MUSCAT HE Hamoud Bin Sangour Al Zadjali, Executive President of Central Bank of Oman, urged all Islamic banks and commercial banks, which plan to set up separate branches to provide Islamic banking service in accordance with Sharia, to be careful and take necessary precaution before implementing the same as these service are new in the Sultanate.

The launching of Islamic banking will be an addition to existing banking service provided by the commercial banks, and this will increase deposit, credit and profitability of banks, he said in an interview to Oman Tribune.

Personal loans occupy about 41 per cent of the total credit extended by banks and the outstanding personal loans stood at 5605.80 million rials at the end of June 2012, he added.

Regarding amendments to the banking law and the date of issuing regulations on Islamic banking, he said the Board of Governors of the CBO reviewed the legal set up for banking in the Sultanate and decided to make amendments in the Banking Law issued via Royal Decree no. 114/2000 related to Islamic banking.

“To achieve this, we have conducted a number of seminars and workshops on Islamic banking in coordination with various government agencies. Moreover, we invited foreign experts with long experience in the field for the seminars and they delivered lectures on the subject,” he said.

When queried about the merger between Oman International Bank and HSBC, he said the merger is a good idea and this will create one of the largest and powerful banking entities. This will also increase their competitiveness in the era of globalisation.

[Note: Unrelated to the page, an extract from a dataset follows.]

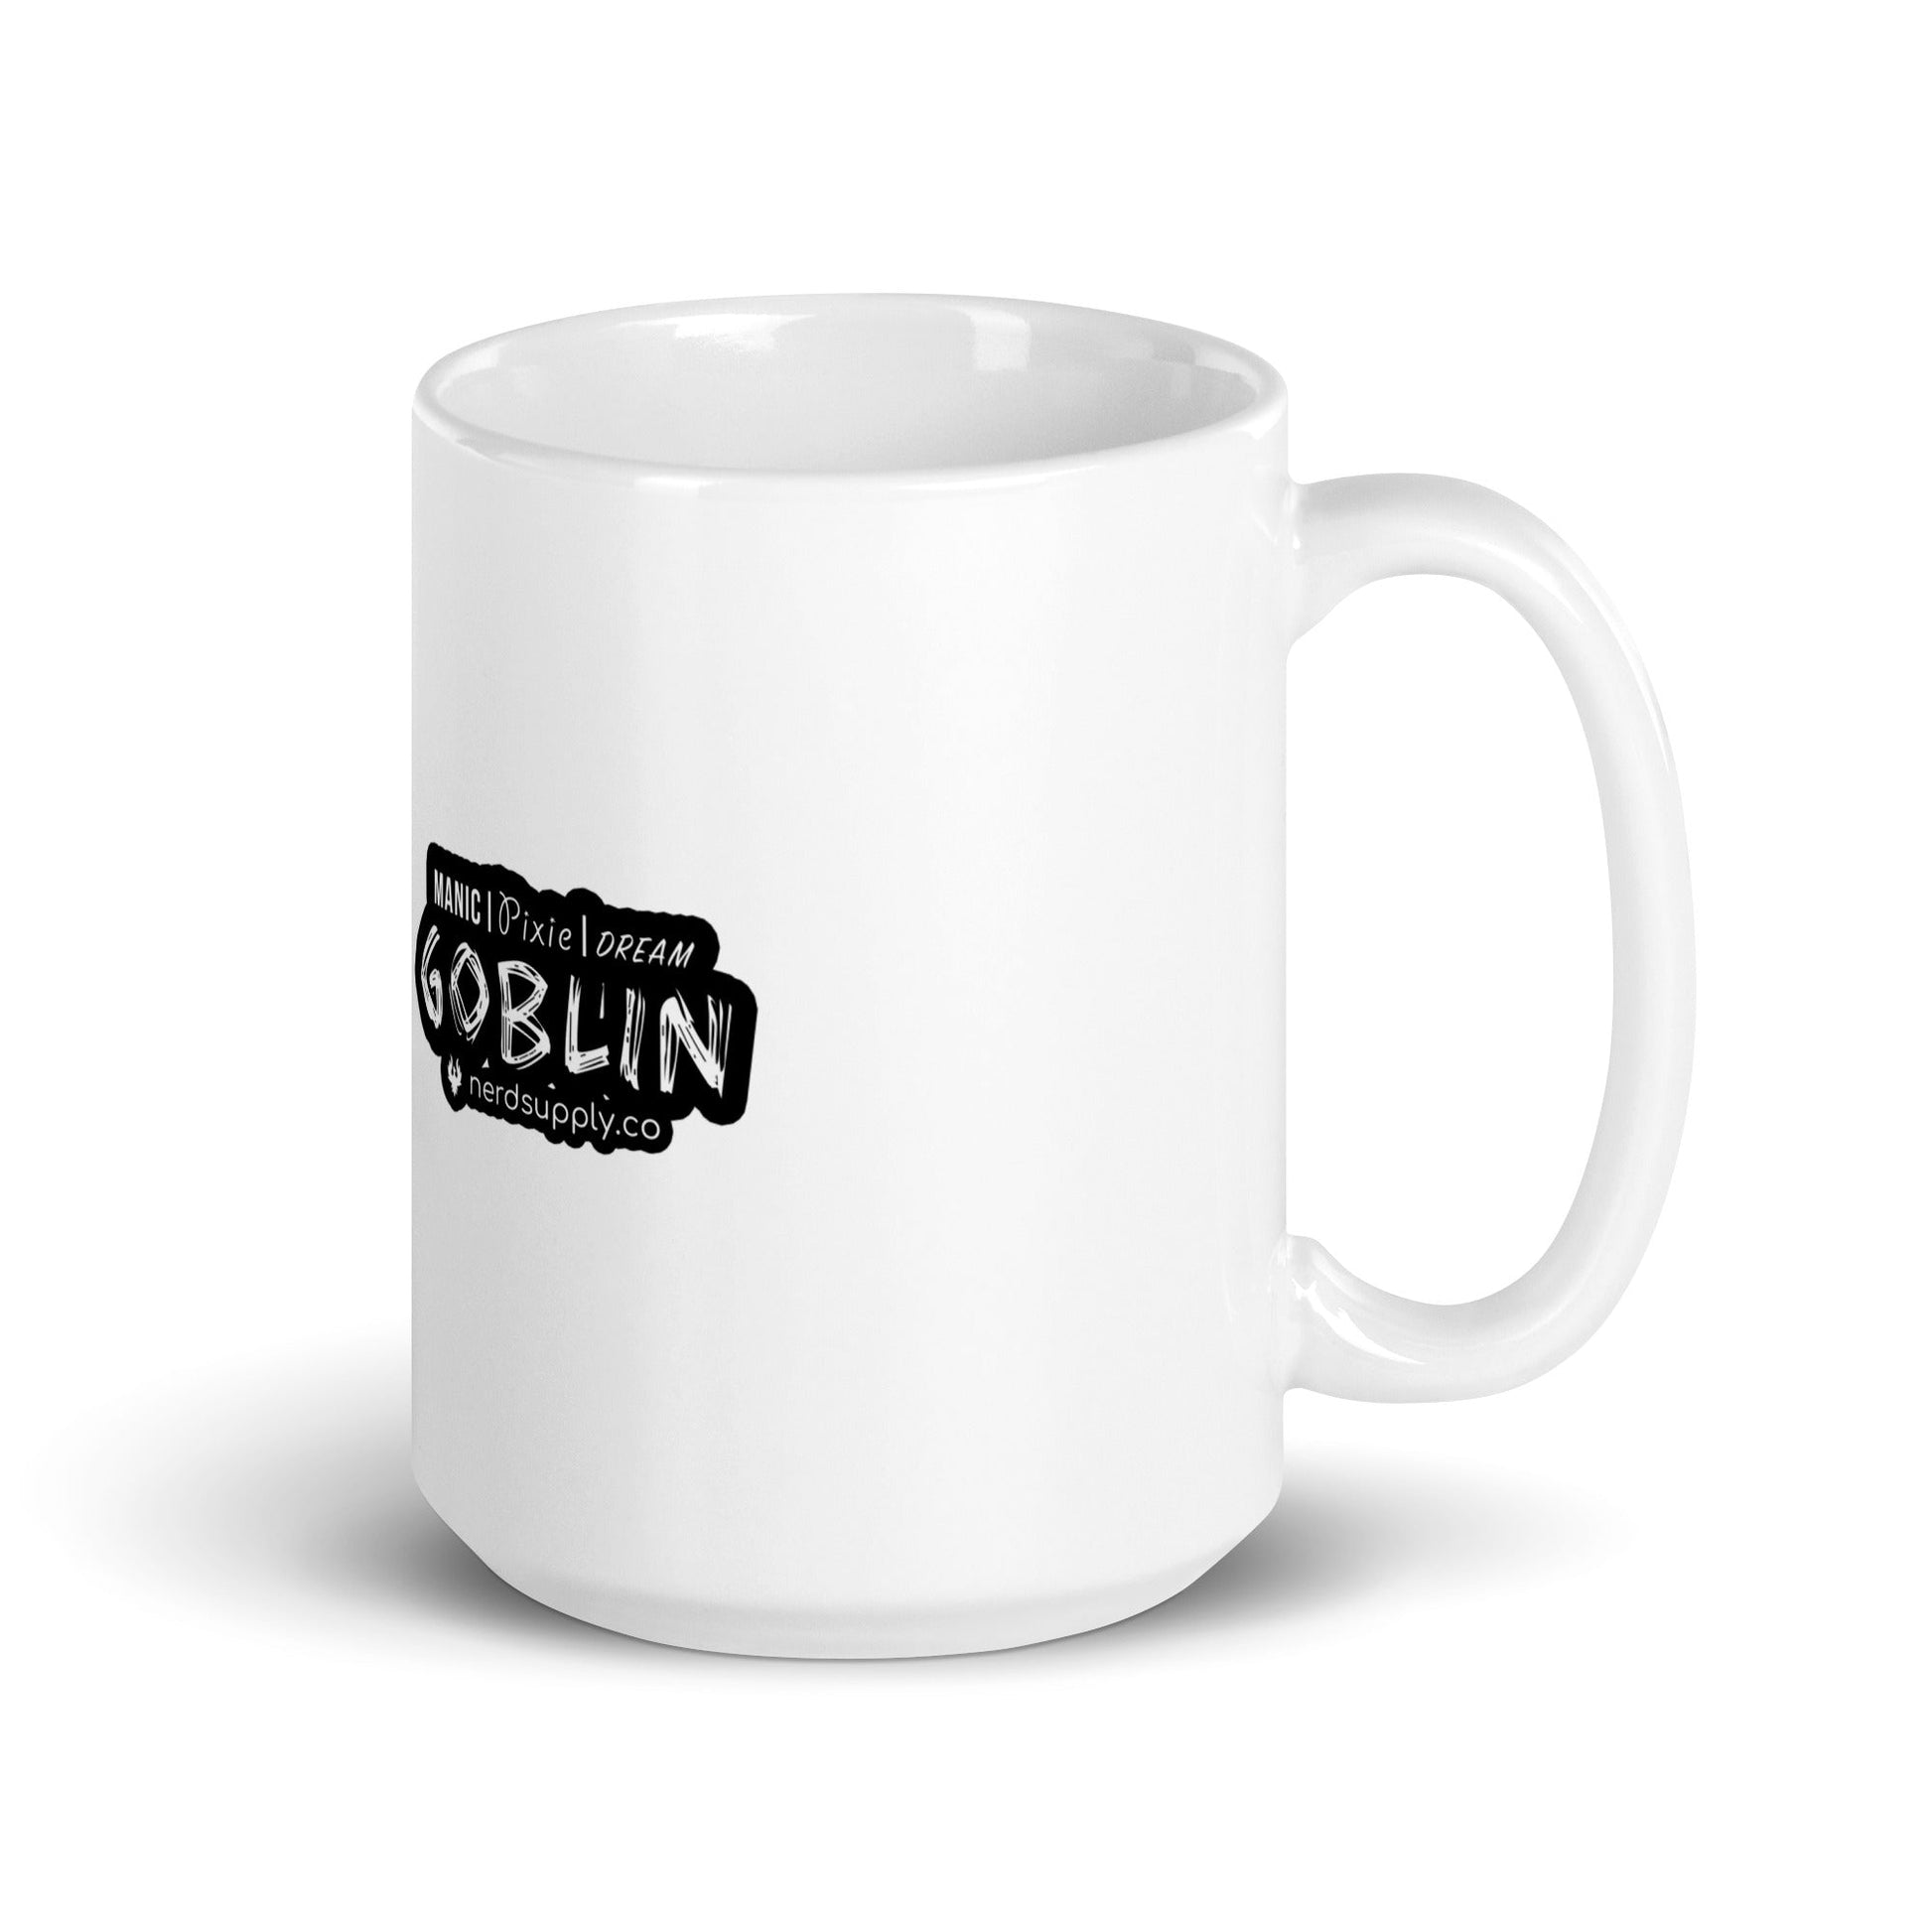 Manic Pixie Dream Goblin White Mug - The Nerd Supply Company

There were instances of many successful mergers between national banks in the Sultanate in the past. This happened mainly due to social and economic factors, technical developments in the field and many other advantages, he added.

The merged banks were able to increase the number of branches, their capitals and the net asset value.

According to available statistics, the average capital adequacy ratio of the commercial banks is 15.9 per cent of the total risk-weighed assets at the end of 2011, compared to the ratio set by the CBO of 12 per cent, he said.